Mais il est bien court le temps des cerises
Où l'on s'en va deux cueillir en rêvant...


Cherry
Cherry Tree. Juin 2004, The National offrent un dernier EP, un petit joyau, chez Talitres avant de signer chez Beggars Banquet. Today... About Today.

samedi 2 août 2008

Histoire belge - suite

Que faire à Bruxelles au plein coeur de l'été. Boire des mousses en terrasse au Fontainas où on trouve au bar un adonis tout droit sorti d'un tableau du Caravage. Après avoir arpenté la ville en long en large et en travers, on finit par trouver un disquaire d'occasion, puis deux... puis on les fait tous, le vice ressurgit. On se surprend même à faire un relevé de prix en prospectant. On ramène dans sa besace le premier Reggiani, et l'Album Blanc de Léo Ferré autrement appelé La Nuit ou L'Eté 68, selon.


A Bruxelles, on goûte les spécialités locales: la gaufre de Liège, les frites un'fois, le sandwich mitraillette, le pita feta, les chocolats de chez Godiva, une glace au caramel salé dans le quartier flamand chez un type qui propose des parfums incroyables: olive, marrakech... On y mange italien, thaïlandais et aussi japonais.
A Bruxelles on fait des expos. It's Only Rock'n'Roll, au Bozar, où on repère dans l'obscurité les canapés dans le fond de la pièce Brian Eno et on se laisse bercer par la nappe de synthé et les couleurs au fond qui varient doucement presque imperceptiblement. Puis le ticket que vous avez dans les mains vous glisse des doigts, il s'agirait pas de s'endormir. Fisherspooner propose un work in progress d'une chorégraphie projeté sur quatre murs assez amusante. Et c'est tout en gros. Dans un autre registre, plus classique, il y a The Royal British Collection, avec Bruegel, Van Dyck, Rubens...
Puis quand il fait beau à Bruxelles, on prend le train, faire un tour à Bruges, marcher dans les rues, le long de canaux.

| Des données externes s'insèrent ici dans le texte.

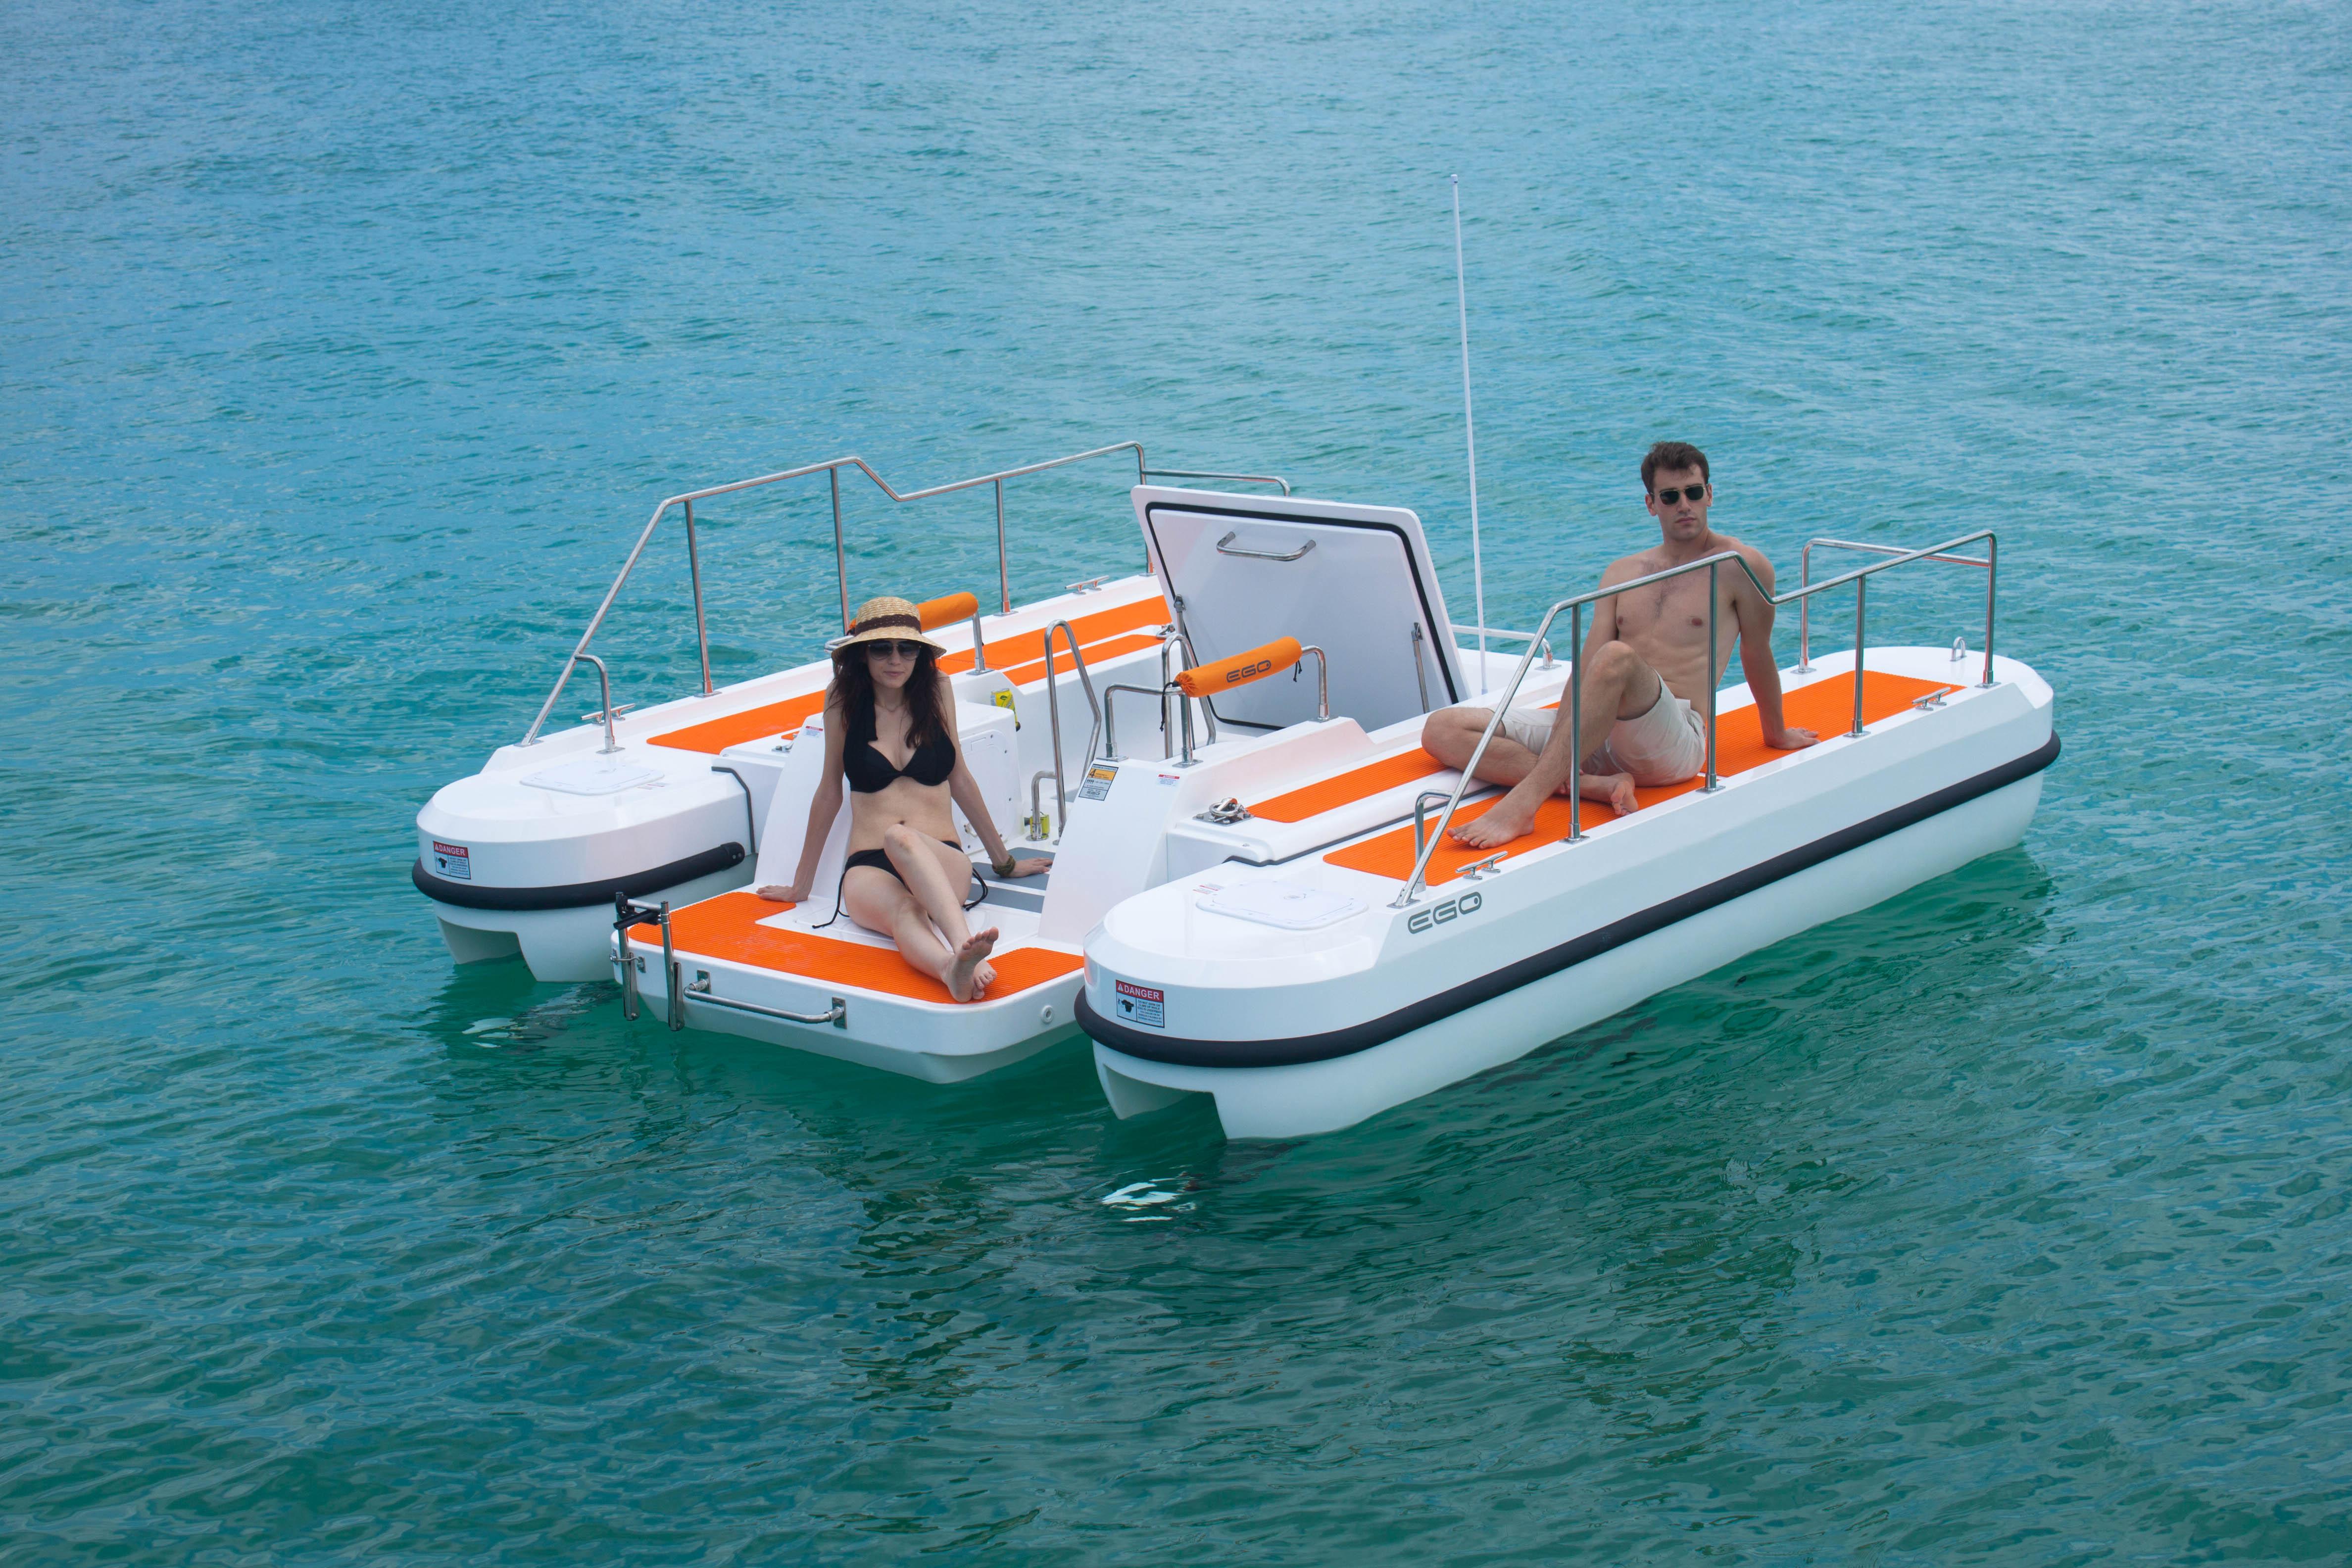 Racing Boating Multifunction display InkDisplay 6-inch,Shockproof Waterproof Screen with Mounting Bracket for Sailing
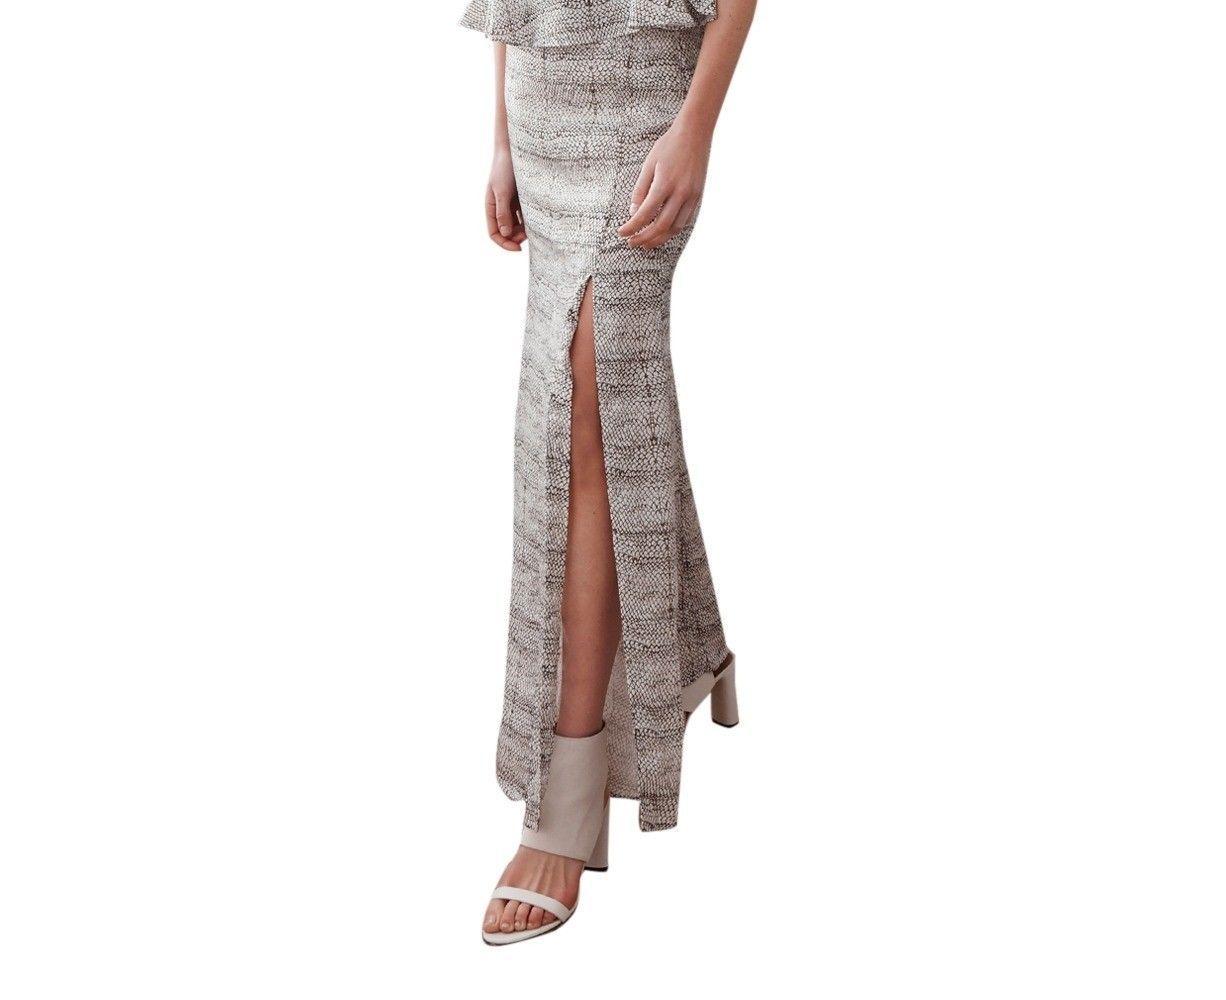 NWT STEVIE MAY Maxi Skirt Small long mermaid style high front split $260 viper - $116.40

Croiser du touriste français se plaignant des guides et de leur humour un peu lourd: "de l'humour belge sans doute". Le point de vue est magnifique, en haut du beffroi, du haut de ses trois cents et quelques marches et de ses quatre-vingt huit mètres. La montée et la descente mettent à rude épreuve les petits cuisseaux. On pique un peu du nez sur le chemin du retour.


Un grand merci pour tout à Gérald et à Bruno.